Counterparties to a transaction would need to agree in advance to use a QES mechanism at completion and, amongst other things:

  • check constitutional and other contractual documents to ensure that they do not contain restrictions on the manner in which documents can be signed
  • identify the types of documents that will need to be signed to complete the transaction. Certain instruments (such as employment contracts) and documents required by law to take the form of a notarial deed, or requiring a legalisation process, may not be capable of being executed by e-signature. In addition, certain documents (such as share registers and share certificates) might only be available in hard copy format and arrangements would need to be made to ensure that this will not obstruct the “e-completion” of the transaction
  • consider whether any instrument to be e-signed will need to be witnessed (and whether the witness will need to sign in the presence of the signatory) or authenticated by a notary for use in another jurisdiction and whether the notary will be able to legalise the e-signature. A related consideration is whether the instrument in question will require the “apostille” as this can frequently only be issued in paper format attached to an original hard copy document
  • check that the documents to be e-signed will be recognised under any relevant or third-country laws

Registration with a qualified TSP

Once it is clear that e-signing is appropriate, all parties should agree upon and register with a TSP in an appropriate Member State before the completion date and ensure that they have access to the relevant mechanism to create the e-signature.

This could mean, for example, that a signatory might be equipped with a pair of cryptographic keys. One key is kept private in a protected ‘container’ which remains under the sole control of the signatory; the other key is public and can be shared with anyone.

The parties will also need to submit to a virtual (or in-person) identification process, including verifications of official documents with the chosen qualified TSP. The process will provide certainty as to the signatory’s identity and is one of the main advantages of e-signatures. The registration process will only need to be completed once.

The list of EU list of TSPs can be found here.

Drafting the documents

Legal practitioners then need to carefully consider the standard or “boilerplate” clauses in the agreements to ensure that they are fit for purpose and allow e-signature. They also need to consider whether any assumptions need to be made in any legal opinions to be given to other transaction parties as conditions to the completion of the transaction.
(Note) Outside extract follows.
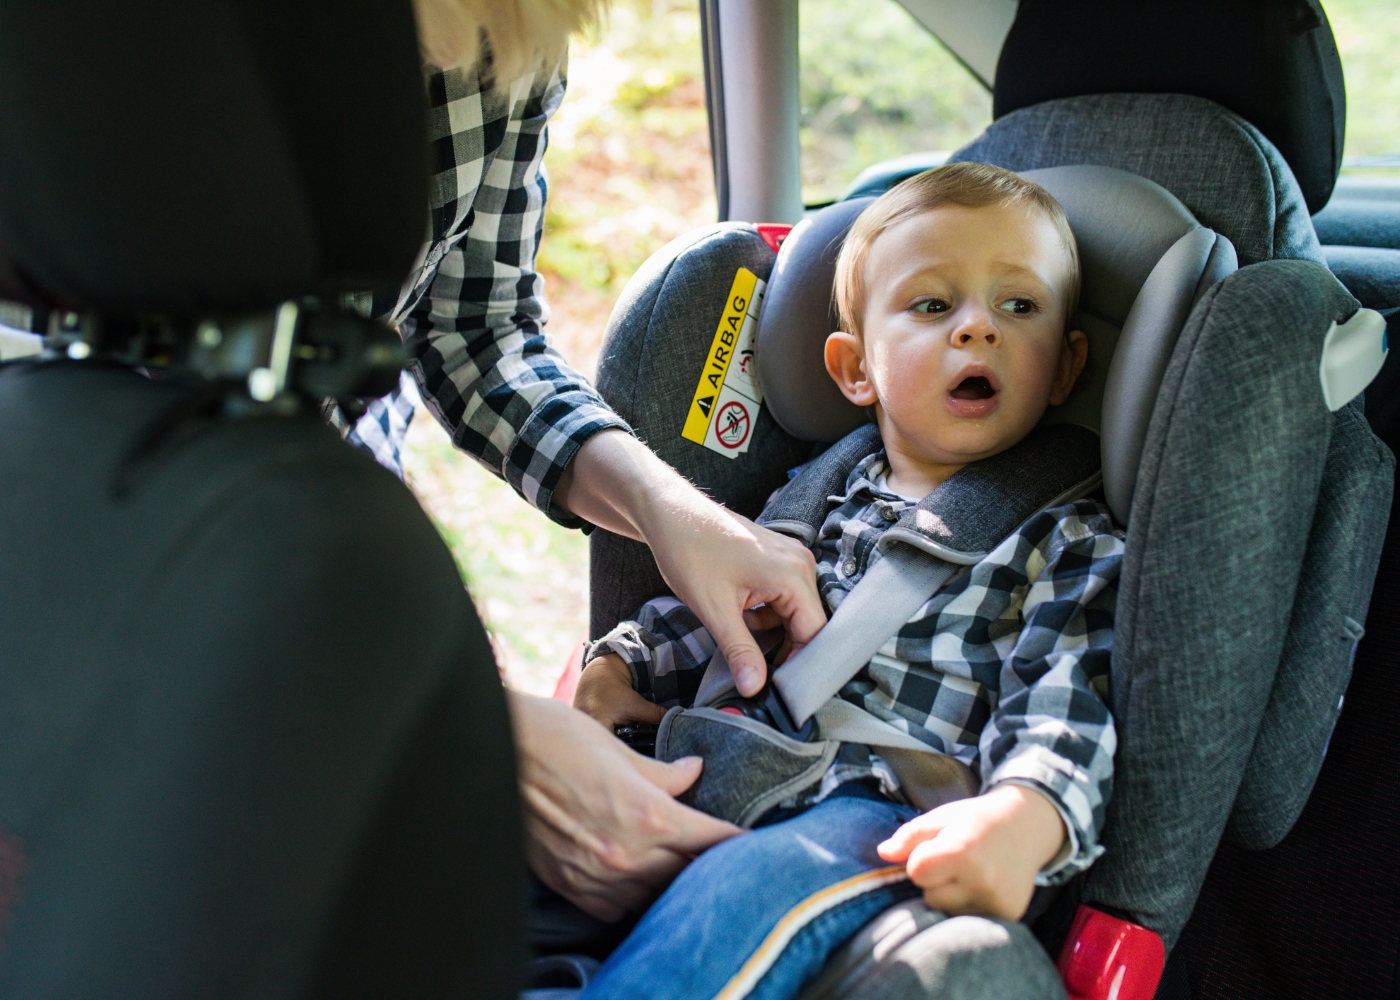 Quando virar o bebê para frente na cadeirinha do carro?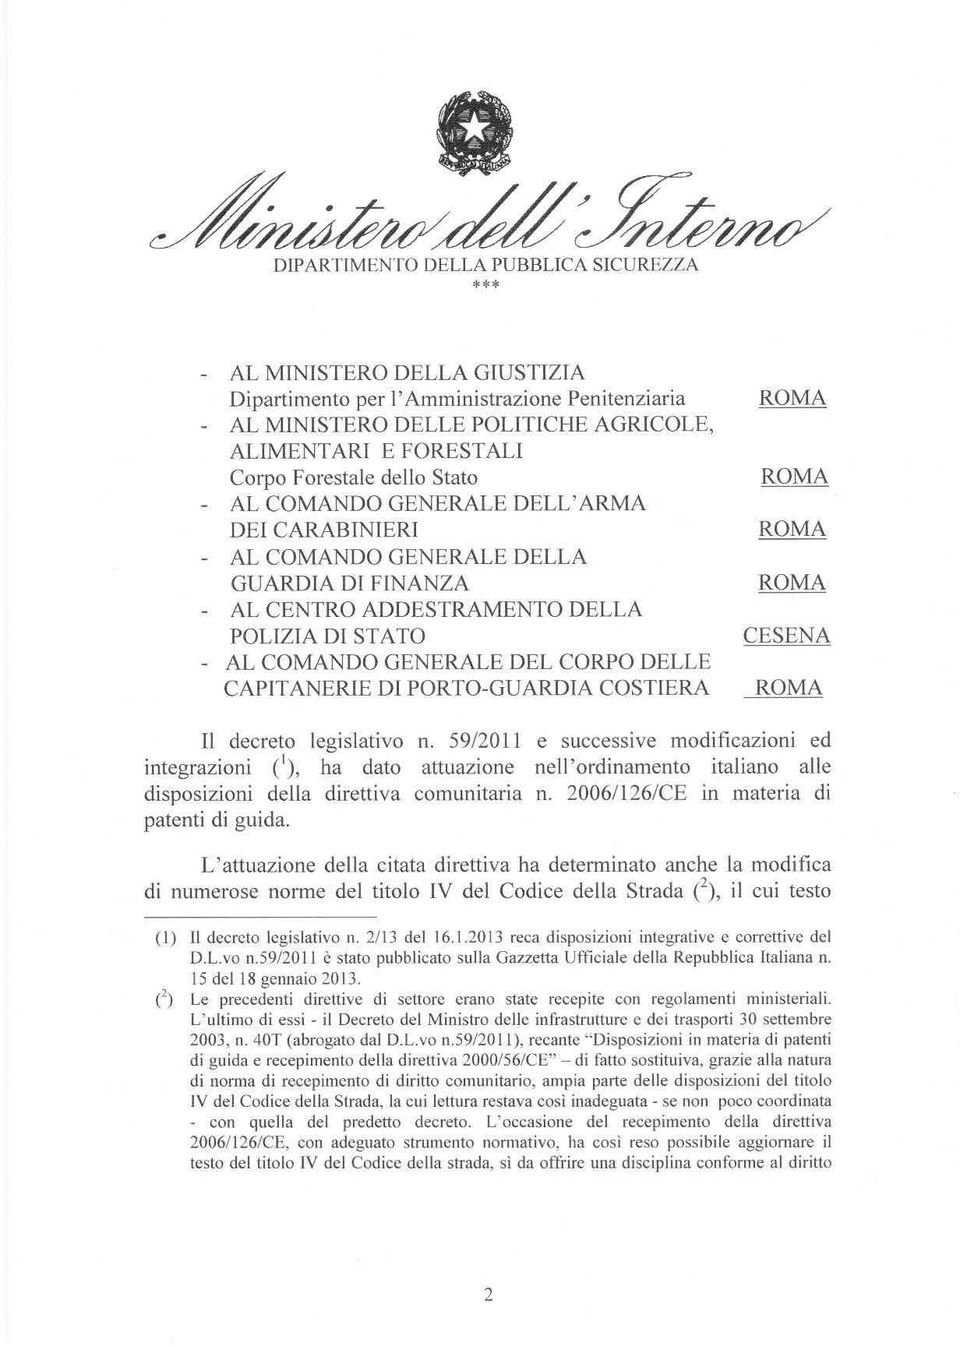 ROMA CESENA ROMA Il decreto legislativo n. 5912011 e successive modificazioni ed integrazioni ('), ha dato attuazione nell'ordinamento italiano alle disposizioni della direttiva comunitaria n.

Clearly, the solutions offered by TSPs come at a cost. However, after a proper analysis it might well be concluded that this will be largely offset by the enhanced legal certainty obtained, as well as savings in time and money spent dealing with the execution of documents, which involves not only the cost of coordinating and ensuring the availability of signatories throughout the world, but also printing, collating, scanning and couriering documents. Depending upon the type of transaction (i.e. how many documents are involved), there could be significant cost reduction if e-signatures were used systematically, in addition to the reduced environmental impact of conducting transactions through a “paperless systems”.

Harneys Luxembourg can offer advice on when and how to use e-signatures. Please do not hesitate to contact us for such advice.

 

[1] Regulation (EU) No 910/2014 of the European Parliament and of the Council of 23 July 2014 on electronic identification and trust services for electronic transactions in the internal market and repealing Directive 1999/93/EC had direct effect in EU Member States since 1 July 2016.

[2] Article 1322-1 of the Luxembourg Civil Code.

[3] Article 1322-2 of the Luxembourg Civil Code.

[4] Software or hardware designed to generate advanced e-signatures within the meaning of the eIDAS Regulation.

[5] Published on an EU trusted list and subject to supervision by the designated Members States’ authority.